“The Black Flags are turning the page and inaugurating a new era”: with these words, the historic hardcore punk band has surprised its return by surprise, through a post on the official social channels. Twelve years after the latest album, “What the …”, the group led by Greg Ginn is ready to present new material to the fans. After turbulent years, Ginn has practically reconstructed the band from Capo, also revealing the names of the new members: Max Zanelli under the voice, David Rodriguez on bass and Bryce Weston on drums, three faces completely new for long -standing fans. “The new training is already at work in the studio, between tests, writing and new vibrations,” reads the announcement. “Concerts and new music are coming”.
In spite of their vocation to consume themselves quickly between Fast Forward Antisocial and nihilistic accelerations, the black flags were one of the hardcore groups of wider and lasting influence on the fate of alternative music all. For the sonic armor refined by them over time, for their ability to change skin, for the uncommon technical ability in forging the entropy of anger and noise assimilated by the first generation punk.

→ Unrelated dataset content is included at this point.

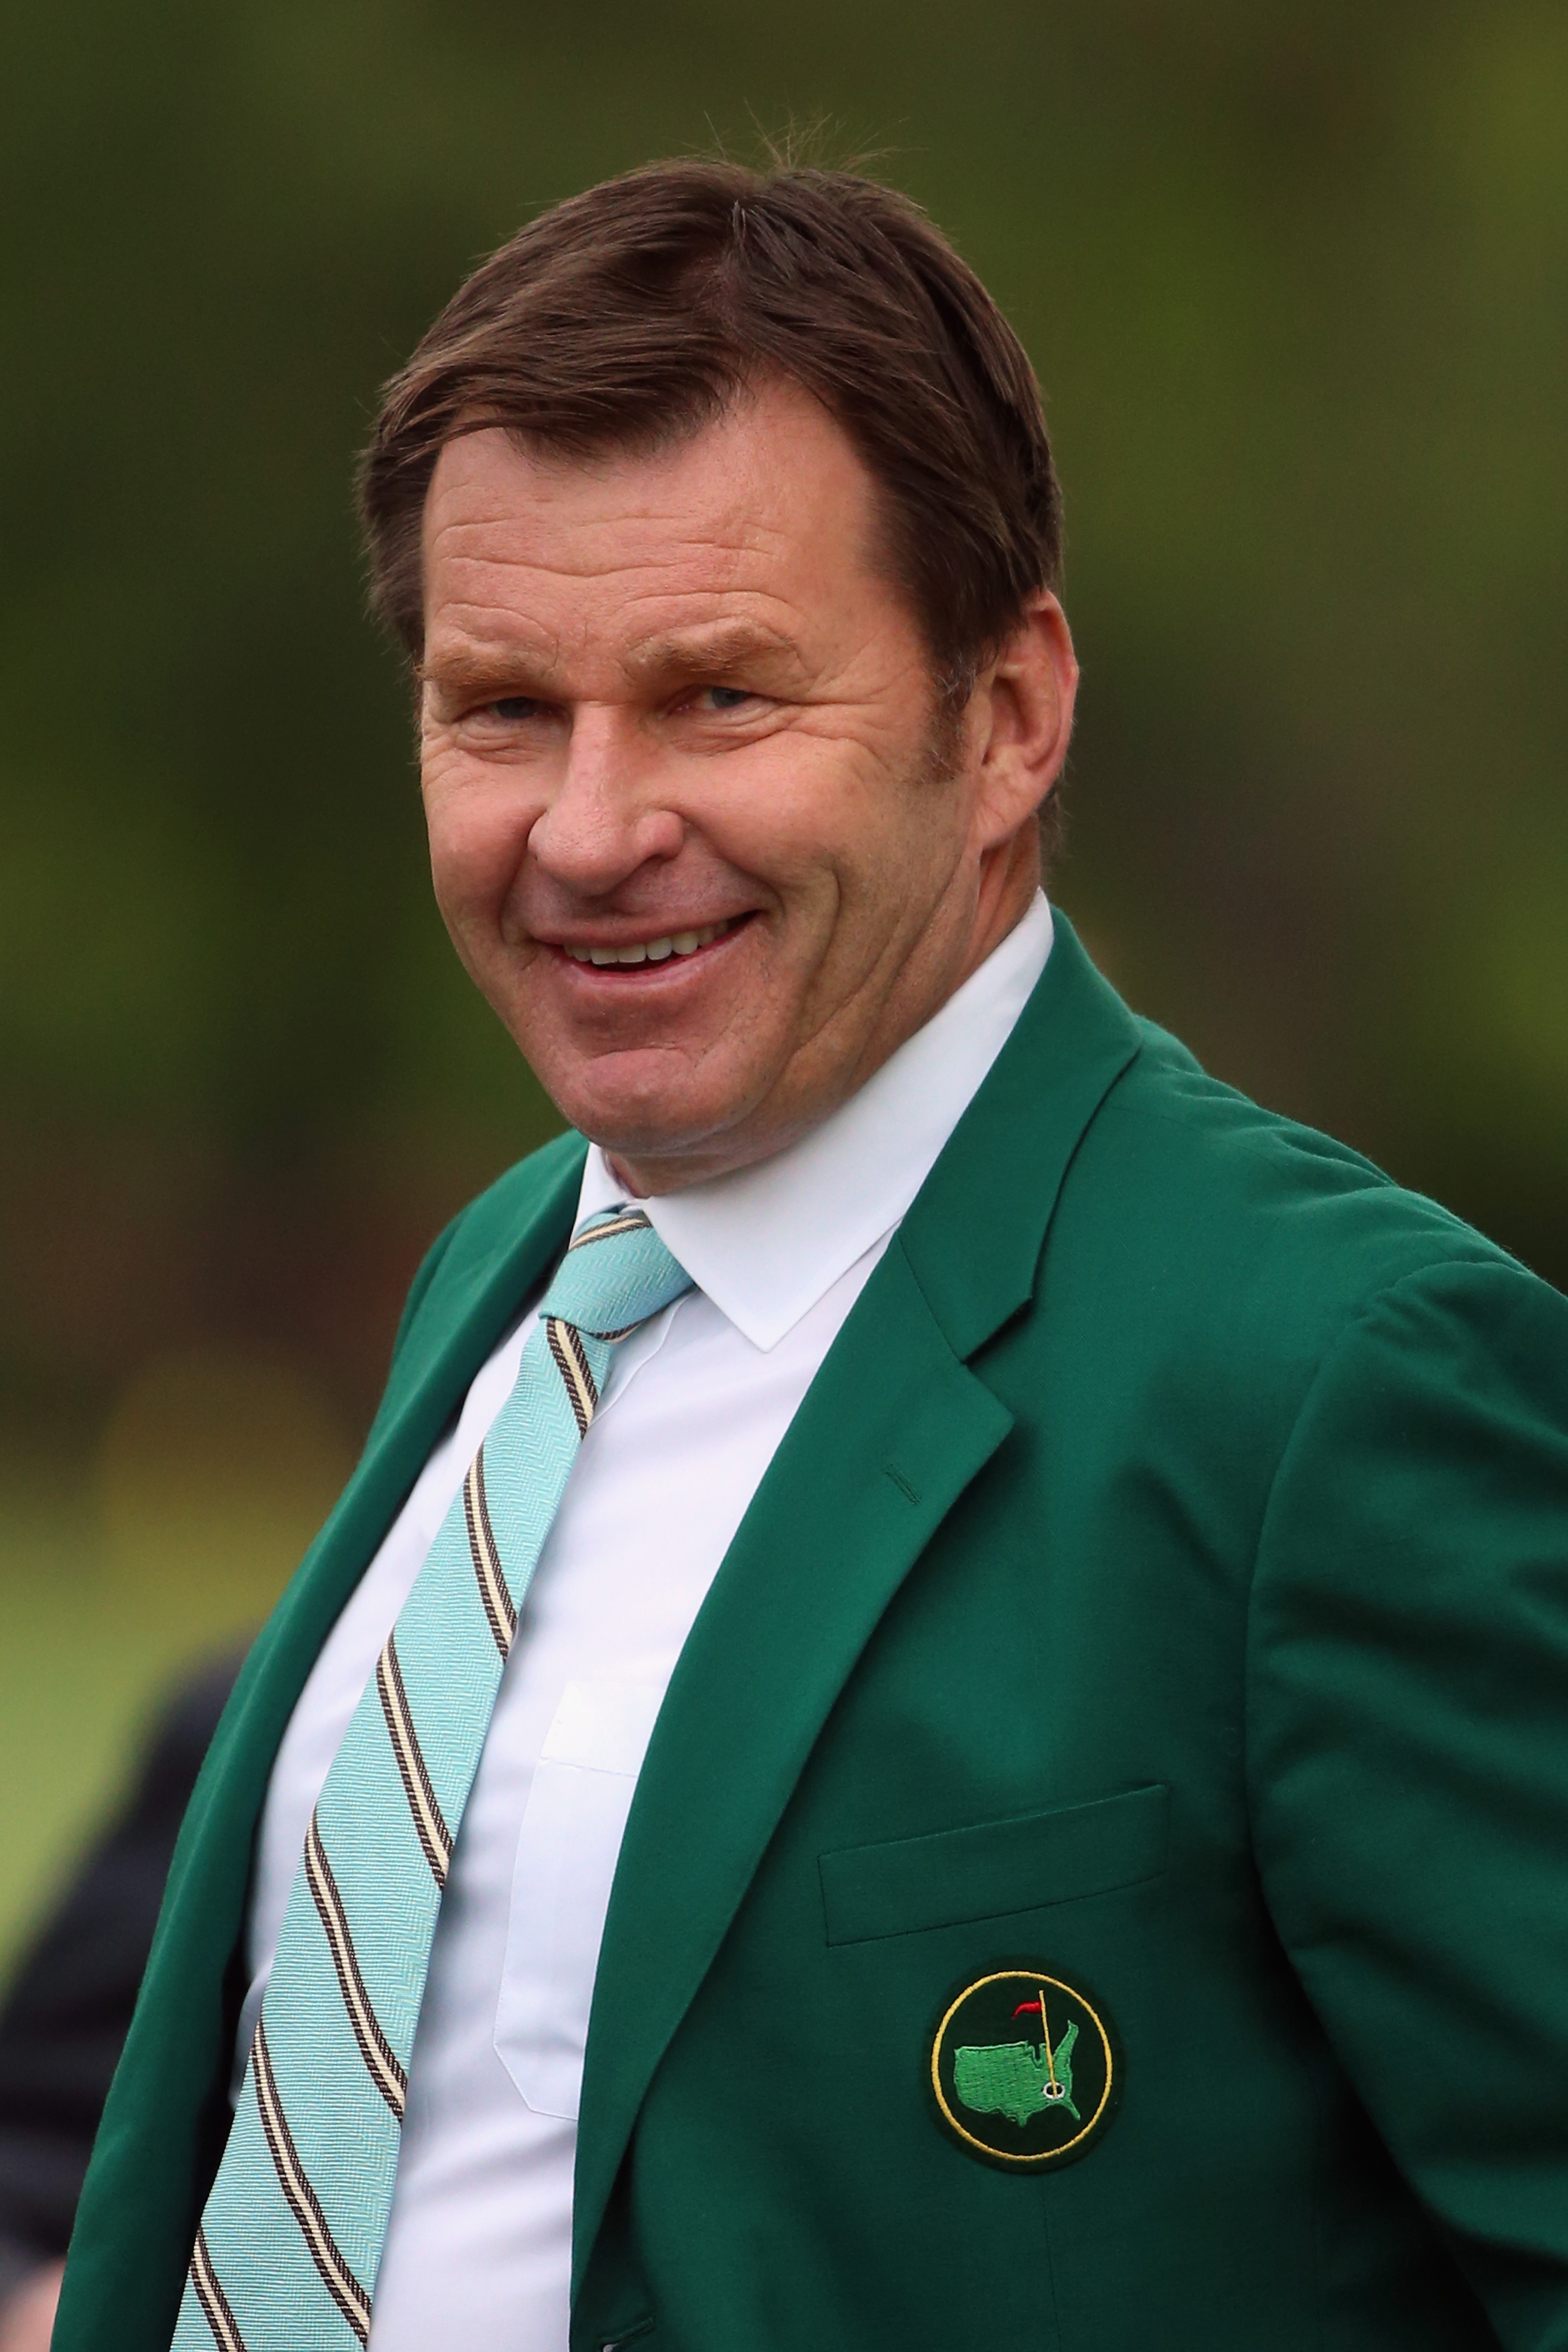 AUGUSTA, GA - APRIL 06: Sir Nick Faldo looks on during a practice round prior to the start of the 2015 Masters Tournament at Augusta National Golf Club on April 6, 2015 in Augusta, Georgia. (Photo by Andrew Redington/Getty Images)

In some sections of “Damaged” (1981) they warned the grindin others, certainly noise-rock of school Albinian; “My War” (1983) is mentioned by several parts as the most raw and exasperated grunge of the grunge; “Slip it in” (1984) and “Loose nut” (1985) gave a decisive imprint to the development of subgenre Heavy As Sudge, Stoner and Punk-Metal; Their swan song, the EP “Process of Weizing Out” (1985), with its eccentric jazz-punk, pushed even the metamorphosis up to prefigure Math-rock results. Not to mention that the record company of the Ginn family (Greg, guitarist and leading band, and his brother Ray, who calls himself Raymond Pettibon), the SST, initially founded for the sole purpose of supporting the debut on the long distance of the Black Flag, will become a reference point for the whole post-core and pre-grunge scene by publishing, in the eighties, the records of symbolic groups such as Bad Brains, Minutemen, Meat Puppets, Husker Du and, for a short time, Soundgarden and Sonic Youth.